Я перестал слушать. Какого дьявола? Пусть говорят, что хотят. Что они все понимают? Стадо. Тупое, пьяное, жующее стадо. Сидят в своих грязных домишках, считая их великими замками, ведут свой род от свиньи и сакса и мнят себя потомками древних властителей. Чертово болото. Как же я это все ненавижу. Болото. И свиньи. Дрянь.
Зазвучали первые такты эстампи. Народ зашевелился, девицы смущенно захихикали, бросая быстрые взгляды на поднимающихся мужчин. Я тоже встал. Я не любитель танцев, но лучше уж в центре зала ногами топать, чем с этими самодовольными свиньями за одним столом сидеть.
— Интересно, она будет танцевать? Это должно быть забавное зрелище! — проблеял какой-то чернявый сморчок в алом сюрко.
Я покачнулся — разумеется, случайно. И всем весом вдавил каблук недоумочному хлыщу в ногу.
— Эй! — возмущенно вякнул недоделок.
Я посмотрел на него сверху вниз — внимательно и серьезно.
— Извините, — пискнул чернявый и сник. Не повезло. Я-то надеялся, он мне в морду попробует дать.

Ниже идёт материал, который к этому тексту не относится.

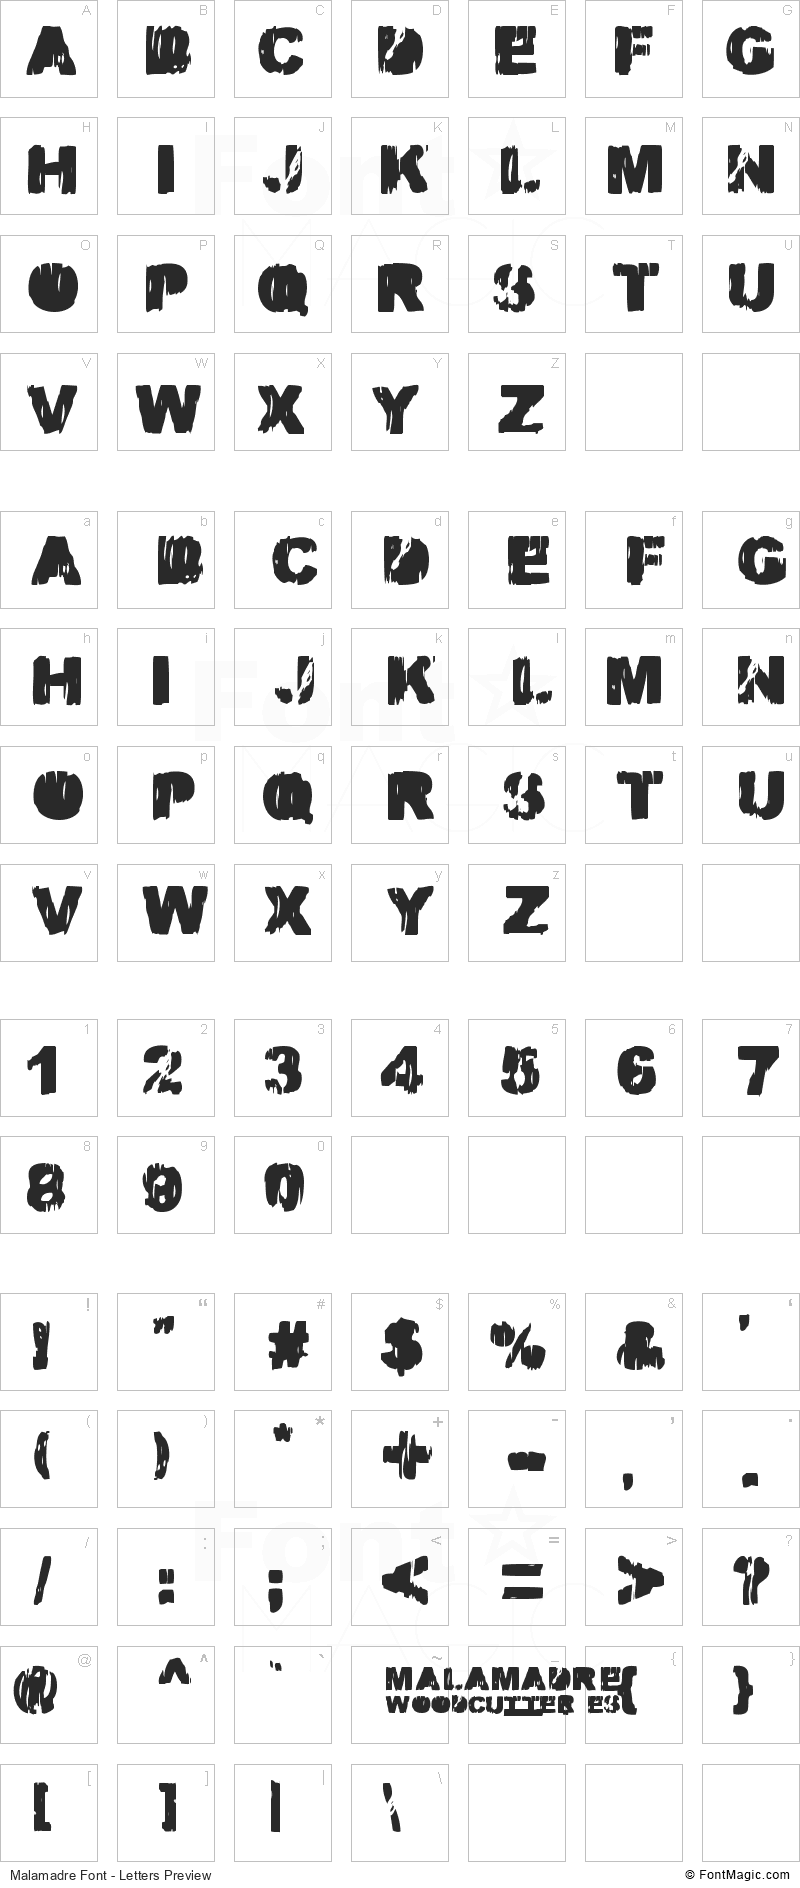 Malamadre Font - All Latters Preview Chart
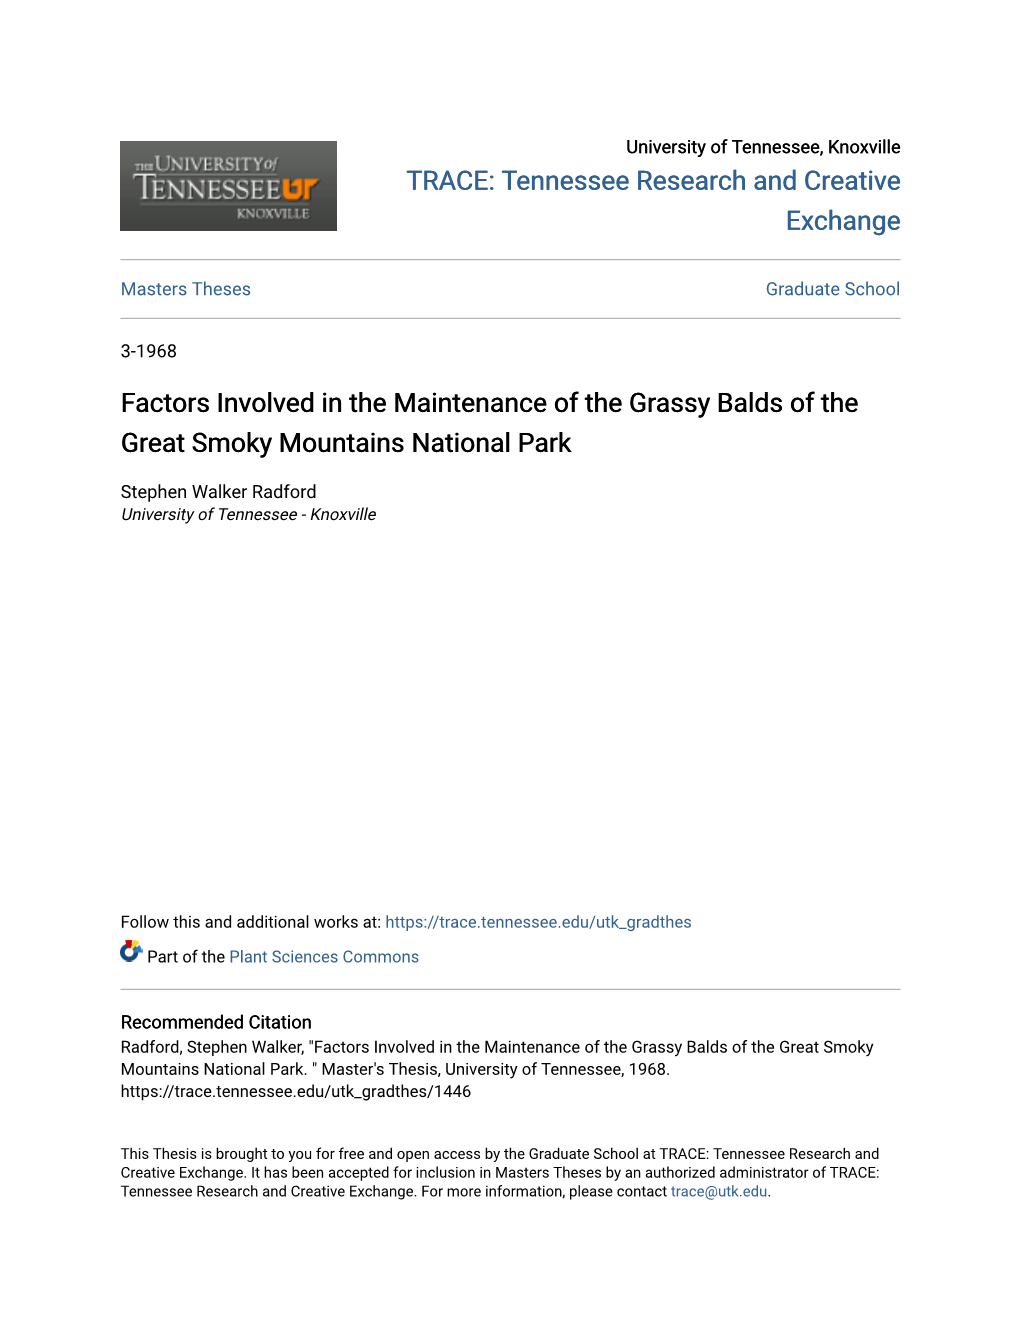 Factors Involved in the Maintenance of the Grassy Balds of the Great Smoky Mountains National Park

Я кружился по залу, старательно притопывал и взмахивал руками. Сходился с девицами, расходился с девицами, менял девиц. Почему-то мне в пару постоянно попадала одна и та же красотка — дородная и белобрысая. Шея у нее была широкая и розовая, как у молочного поросенка, а над верхней губой блестели капли пота. Красотка мне улыбалась и зазывно взмахивала белесыми ресницами.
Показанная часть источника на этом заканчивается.